RosettaCommons / RFdiffusion

Code for running RFdiffusion
Other
1.64k stars 316 forks source link

Why does the output PDB designs only contain Glycines?? #185

Open Hanoriega opened 7 months ago

Hanoriega commented 7 months ago

Hello,

Thank you for creating this wonderful software; I foresee great success! I am trying to run a simple unconditional monomer from my PDB file using the README.md tutorials. So I have my environment set up and the PDB file (an AAV monomer) in the path I want it, this is my command:

(SE3nv) C:\my\Path\RFdiffusion>python .\scripts\run_inference.py "contigmap.contigs=[534-534]" inference.input_pdb=C:\my\Path\RFdiffusion\sample.pdb inference.output_prefix=test_outputs\test inference.num_designs=10

When I run this, all 10 designs come out with a sequence of only Glycine and do not look anything like an AAV monomer. What am I doing wrong or not understanding? Please help me understand.

Thanks,

Heather

Also, disclosure: I am relatively new to computer science and not an avid coder, so please be gentle and break down explanations if possible.

roccomoretti commented 7 months ago

RFDiffusion was only trained to design/predict the backbone conformation of proteins. It operates on the backbone level, without (explicit) consideration of sidechains. As such it outputs "backbone only" structures, which for usability are annotated as GLY.

If you're interested in placing amino acid sequences onto the backbone, you can take the output of RFDiffusion and pass it through ProteinMPNN.

Also, the normal operation of RFDiffusion is to design backbone structures de novo, with the only considerations being their length and generalized protein-likeness. It can do partial regeneration (e.g. redoing loops) or be "conditioned" on certain features (like secondary structure or protein contacts), but those require additional settings to get working properly. I'd recommend working through the examples in the examples directory to get a better sense of things. -- I get the impression, though, that you're looking for fold conditioning which has its own section in the README as well as the examples.
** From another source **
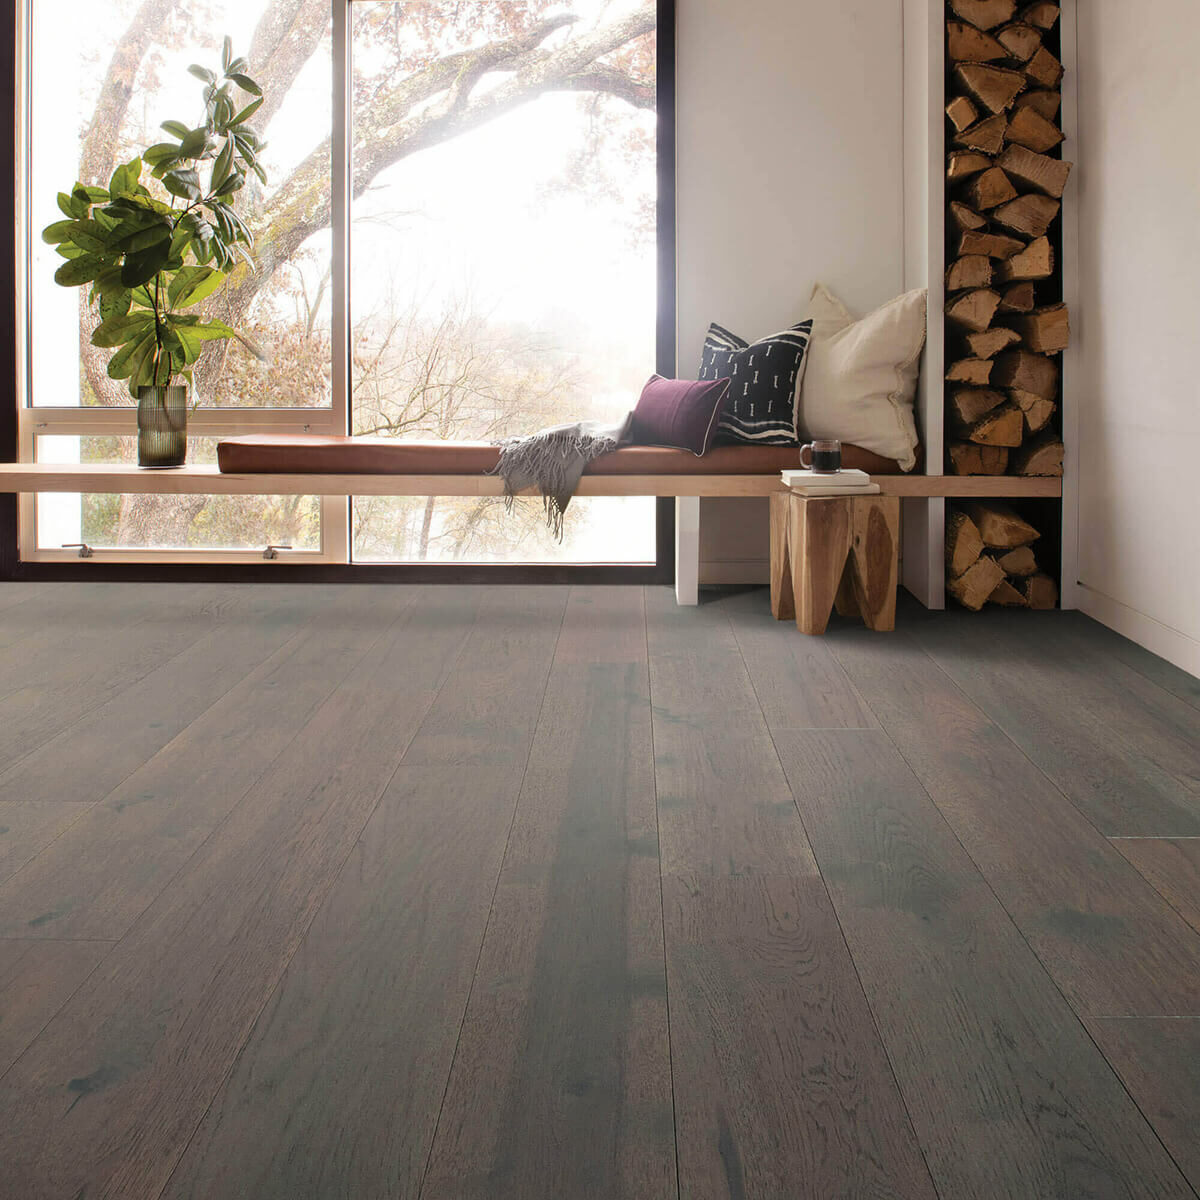 Hardwood Inspiration | Carpetland USA Granite & Flooring

Hanoriega commented 7 months ago

@roccomoretti Thank you for your response! I was just trying to make sure my software clone and environment were working properly, so I did the unconditional as a tutorial. I do not remember reading that the usability is annotated as glycine, so I asked. I input it to ProteinMPNN, and it gave me sequences, so I ran through AlphaFold2. They look similar to the RFdiffusion PDB output. So, for my purpose now, I need to work on understanding conditional.

I am interested in the motif scaffolding to create DNA binding motifs on the backbone and the 60-mer capsid that Will Sheffler worked on from the presentation to confirm the capsid structures of a similar family.